:: THE TASK ::
Please give all of the data again, character for character, and drop the pictures.

:: RECORDED INFORMATION ::
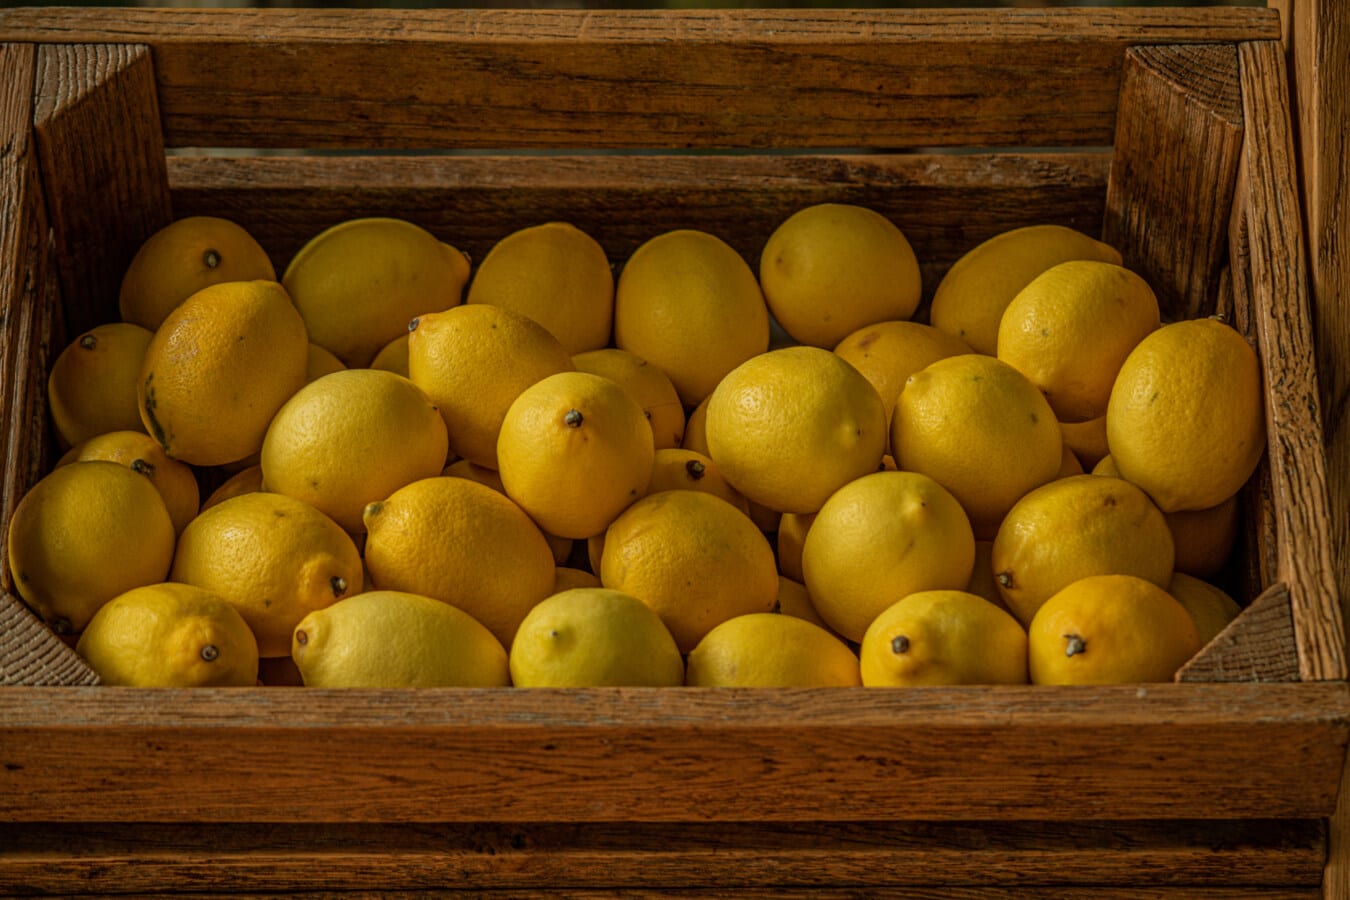 레몬, 감귤 류, 익은 과일, 나무, 상자, 유기, 농업, 음식, 생산, 과일
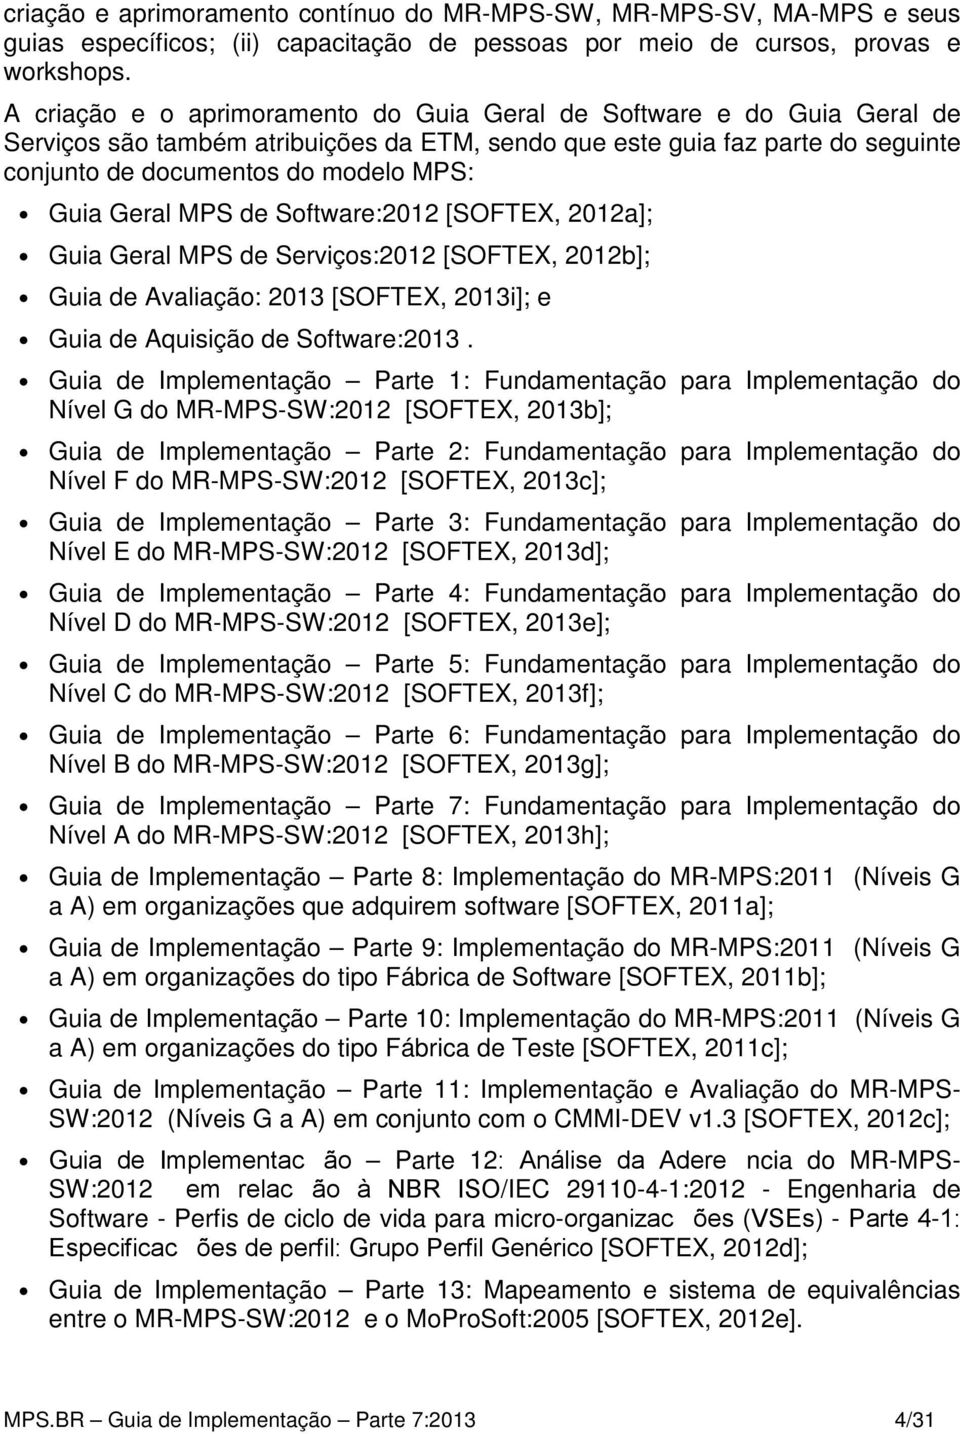 Geral MPS de Software:2012 [SOFTEX, 2012a]; Guia Geral MPS de Serviços:2012 [SOFTEX, 2012b]; Guia de Avaliação: 2013 [SOFTEX, 2013i]; e Guia de Aquisição de Software:2013.
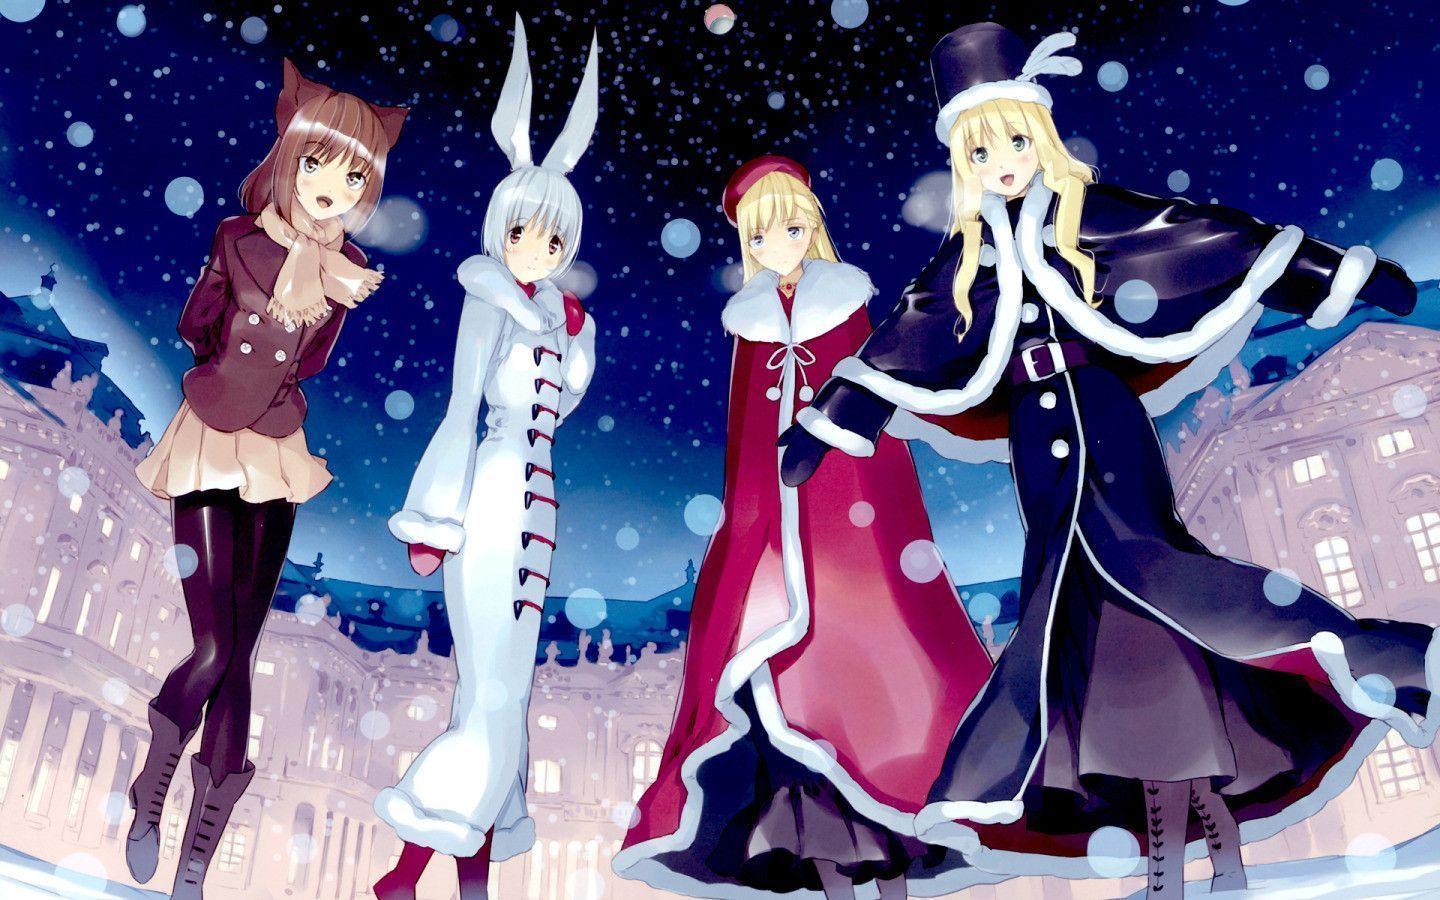 Anime Winter Girls widescreen wallpaper. Wide

:: RESPONSE AREA ::
 레몬, 감귤 류, 익은 과일, 나무, 상자, 유기, 농업, 음식, 생산, 과일
 Geral MPS de Software:2012 [SOFTEX, 2012a]; Guia Geral MPS de Serviços:2012 [SOFTEX, 2012b]; Guia de Avaliação: 2013 [SOFTEX, 2013i]; e Guia de Aquisição de Software:2013.
 Anime Winter Girls widescreen wallpaper. Wide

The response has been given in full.